Participants declared that shortages have surged and aggravated in recent years in the COVID-19 pandemic leading to increased prices for these expensive agents. A study on the impact of COVID-19 on global drug shortages emphasized a similar aspect [25]. Studies in the US also highlighted the increase in medicine shortages during the pandemic [26,27].
In Pakistan, the most prominent cause of anti-cancer drug shortages is the compromised role of the drug regulatory authorities. This has led to outdated policies for drug registration, import, license renewal, fixed drug price, and profit margin (dollar fluctuations). Hence, suppliers are hesitant to import these essential molecules. The compromised role also leads to issues in the hand of other stakeholders, for example, unfair distribution, stocking (selling short expiry drugs/increased prices), increased contracts than capacity, and purchasing from the gray market (compromised efficacy drugs) by distributors [28]. According to a study in Ghana, the compromised role of the drug regulatory authority is the main reason for the lack of access and shortages of necessary medicines in LMICs [29]. A recent study from Pakistan also highlighted regulatory issues as the prominent cause of shortage [17]. Some causes related to other stakeholders are the presence of a single supplier/drug, lack of resources, lack of communication among stakeholders, and small market size. However, these issues could also be solved by the regulatory authorities. Another study in Pakistan mentioned similar causes for drug shortages [16]. Many participants stated that communication among stakeholders within the same institution and among different institutions is very important for handling the anti-cancer drug shortages smoothly [4]. This cooperation leads to an improvement in operational transparency. A study in Saudi Arabia also agreed that a lack of communication aggravated drug shortages [30].
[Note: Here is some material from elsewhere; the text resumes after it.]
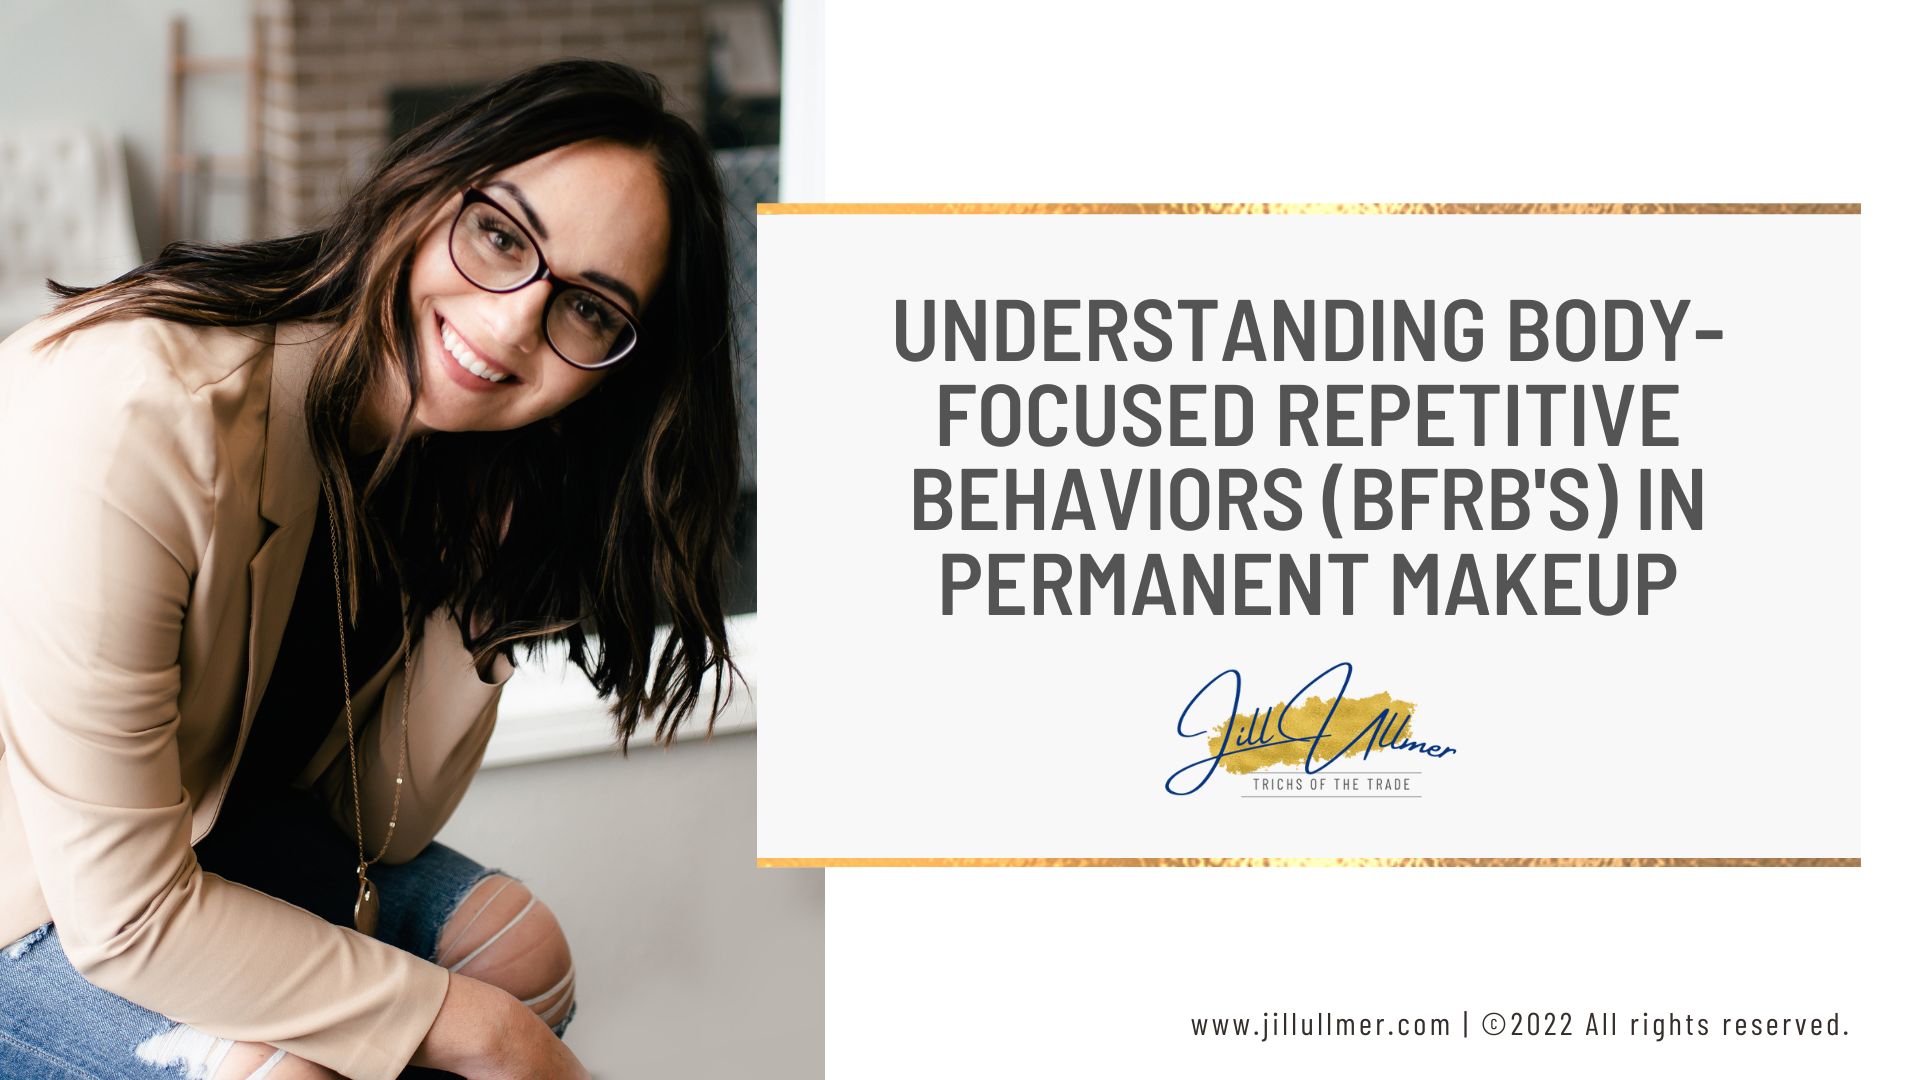 Understanding Body-focused repetitive behaviors (BFRB's) in permanent makeup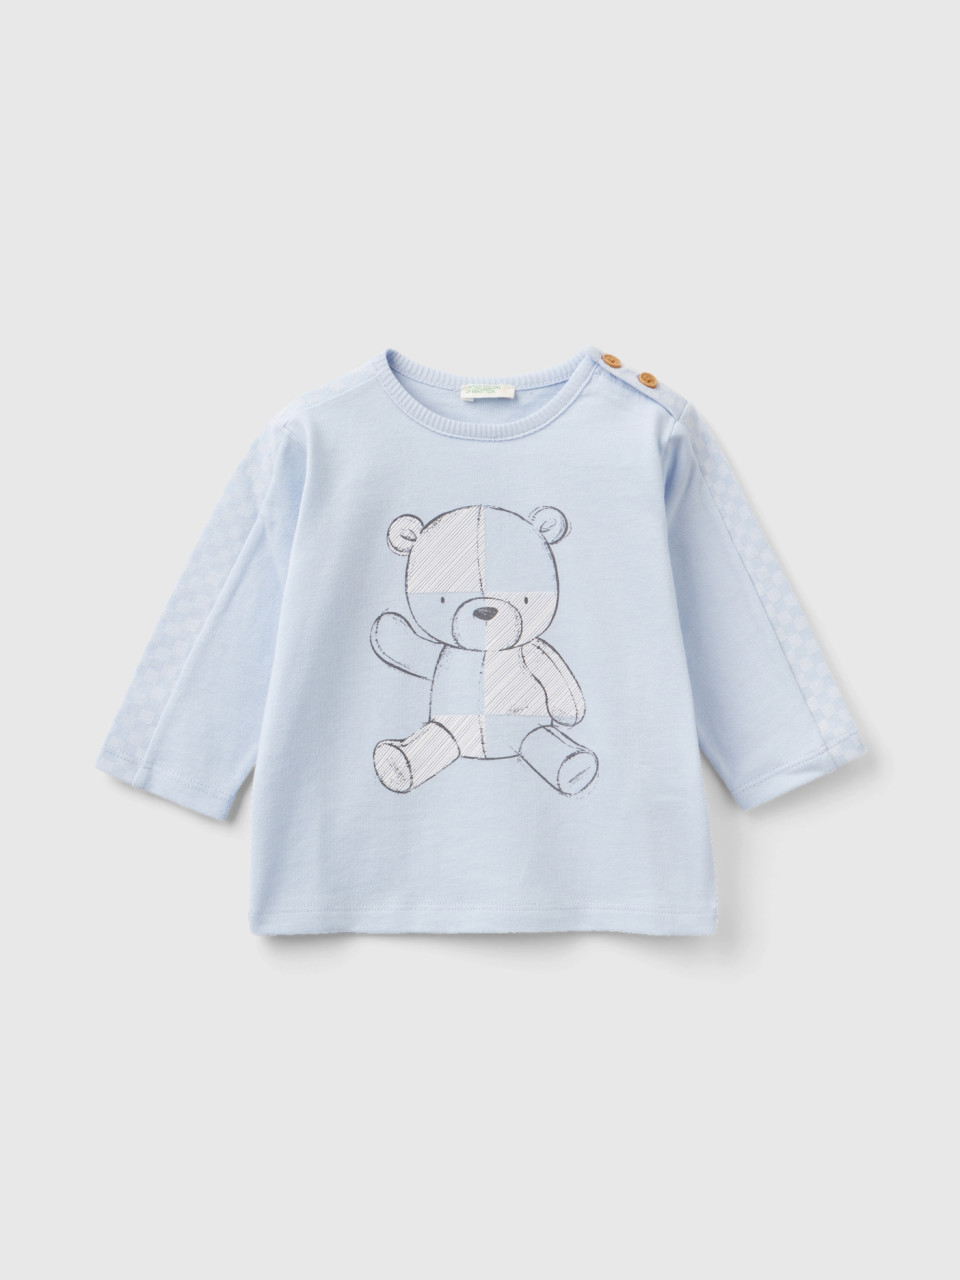 Benetton, Optical T-shirt With Teddy Bear Print, Sky Blue, Kids

Another important cause is the inappropriate inventory management for raw material at the manufacturer’s hands and anti-cancer drugs at the wholesalers’/hospitals’ which led to shortages and the reason could be the mismanagement of the procurement department (absence of competent pharmacists) or just-in-time (JIT) inventory due to budget constraints (absence of support from governmental authority) [24]. A study conducted at the public hospitals of South Africa stated that continuous monitoring and computerized system played an important role in drug shortage management [31].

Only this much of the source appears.